Chaos Muppets are out-of-control, emotional, volatile. They tend toward the blue and fuzzy. They make their way through life in a swirling maelstrom of food crumbs, small flaming objects, and the letter C. Cookie Monster, Ernie, Grover, Gonzo, Dr. Bunsen Honeydew and—paradigmatically—Animal, are all Chaos Muppets. Zelda Fitzgerald was a Chaos Muppet. So, I must tell you, is Justice Stephen Breyer.

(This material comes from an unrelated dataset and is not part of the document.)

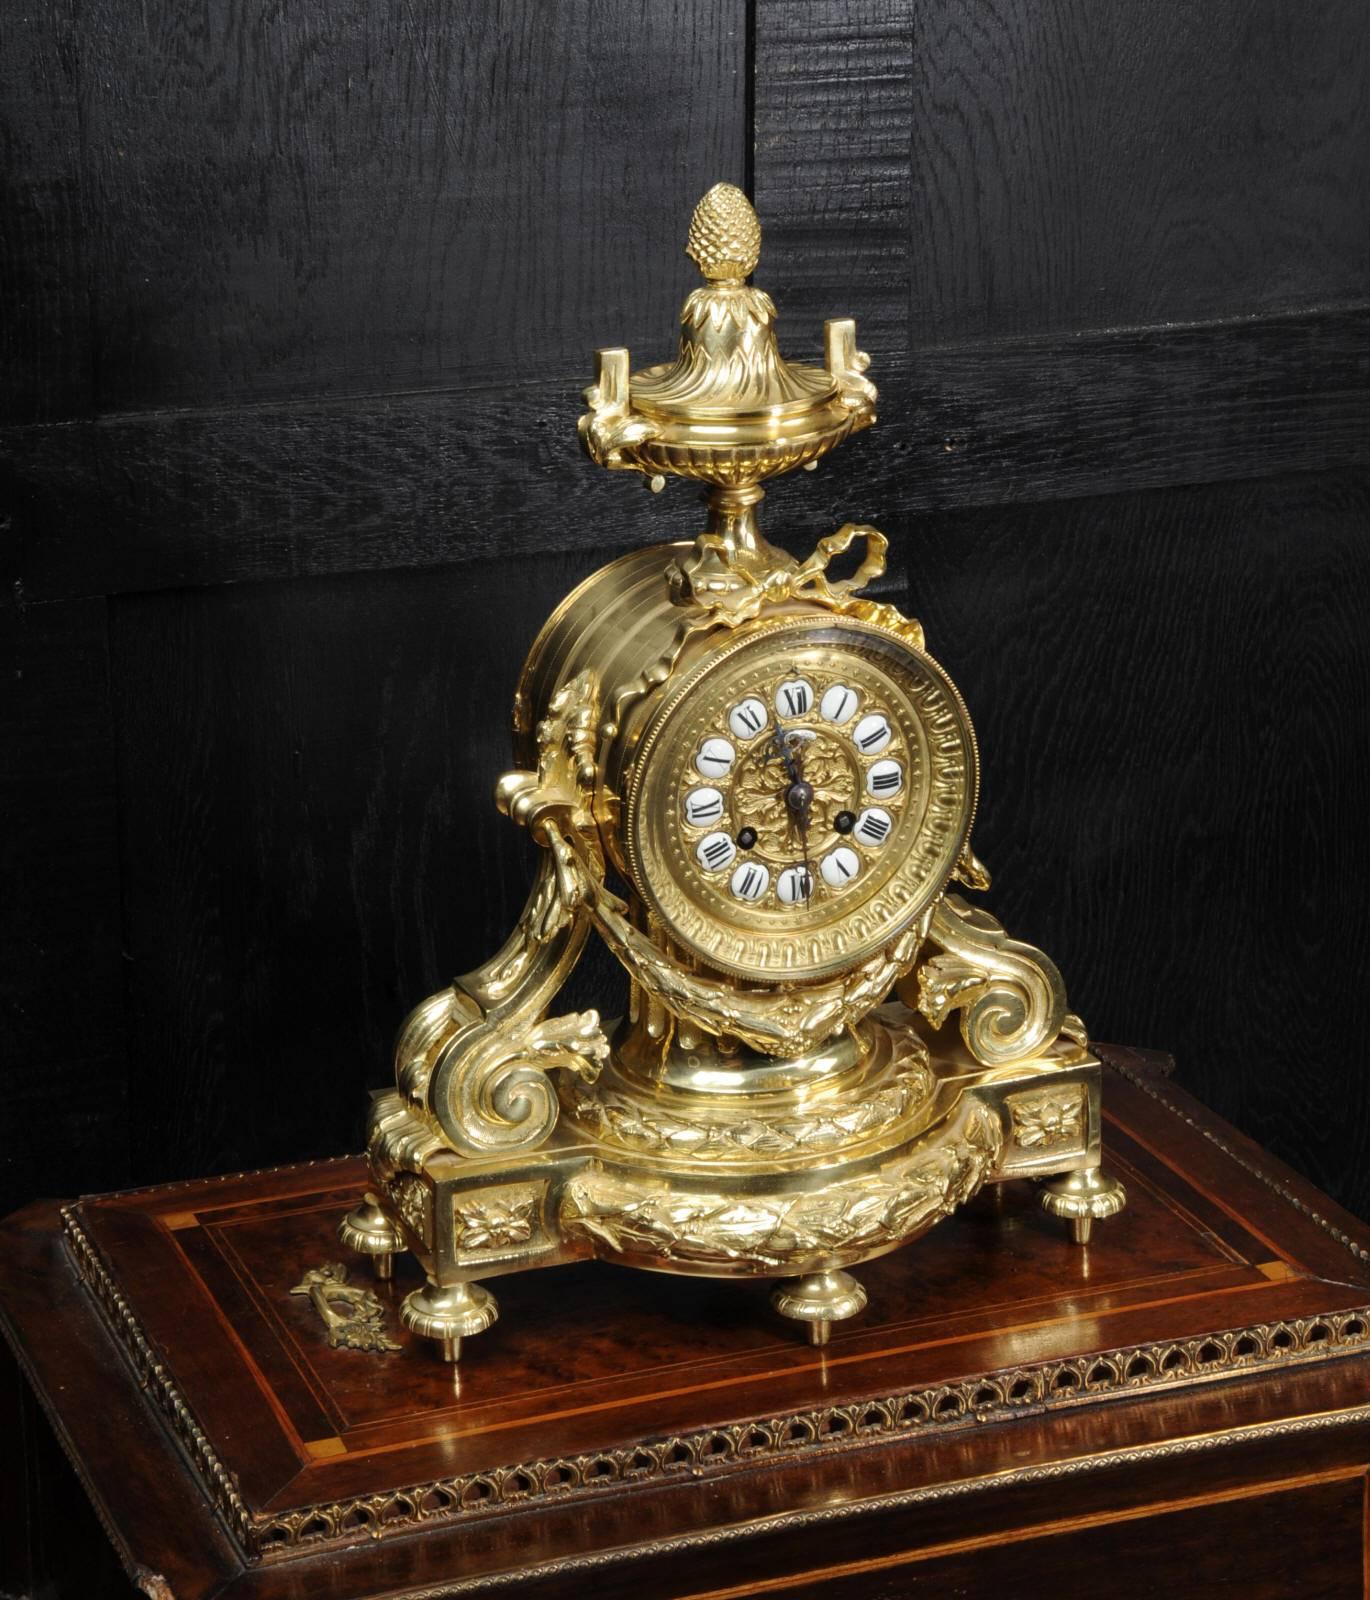 A stunning original antique French clock of neoclassical design in gilded bronze. It is in excellent condition, the movement fully overhauled. The movement is mounted in a drum on top of a reeded column. Scroll supports are to the sides and a laurel
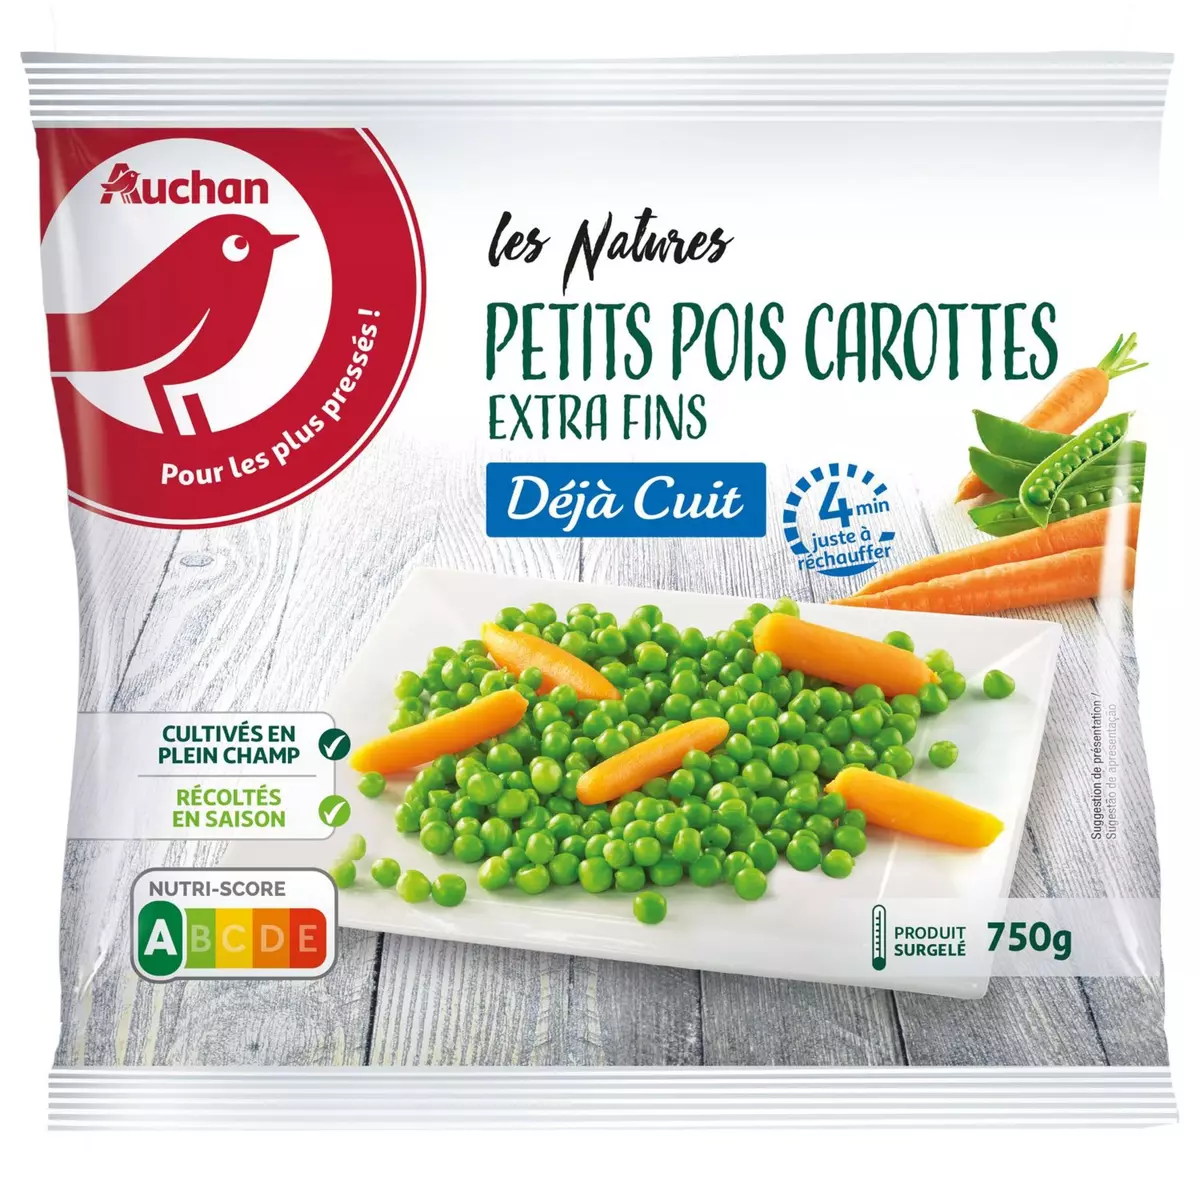 AUCHAN Petits pois carottes minute extra fins 5 portions 750g

Order Muppets—and I’m thinking about Bert, Scooter, Sam the Eagle, Kermit the Frog, and the blue guy who is perennially harassed by Grover at restaurants the Order Muppet Everyman—tend to be neurotic, highly regimented, averse to surprises and may sport monstrously large eyebrows. They sometimes resent the responsibility of the world weighing on their felt shoulders, but they secretly revel in the knowledge that they keep the show running. Your first grade teacher was probably an Order Muppet. So is Chief Justice John Roberts. It’s not that any one type of Muppet is inherently better than the other. Order Muppets do seem to attract the ladies, but then Chaos Muppets collect the chicken harems. It’s simply the case that the key to a happy marriage, a well-functioning family, and a productive place of work lies in carefully calibrating the ratio of Chaos Muppets to Order Muppets within any closed system. That, and always letting the Chaos Muppets do the driving.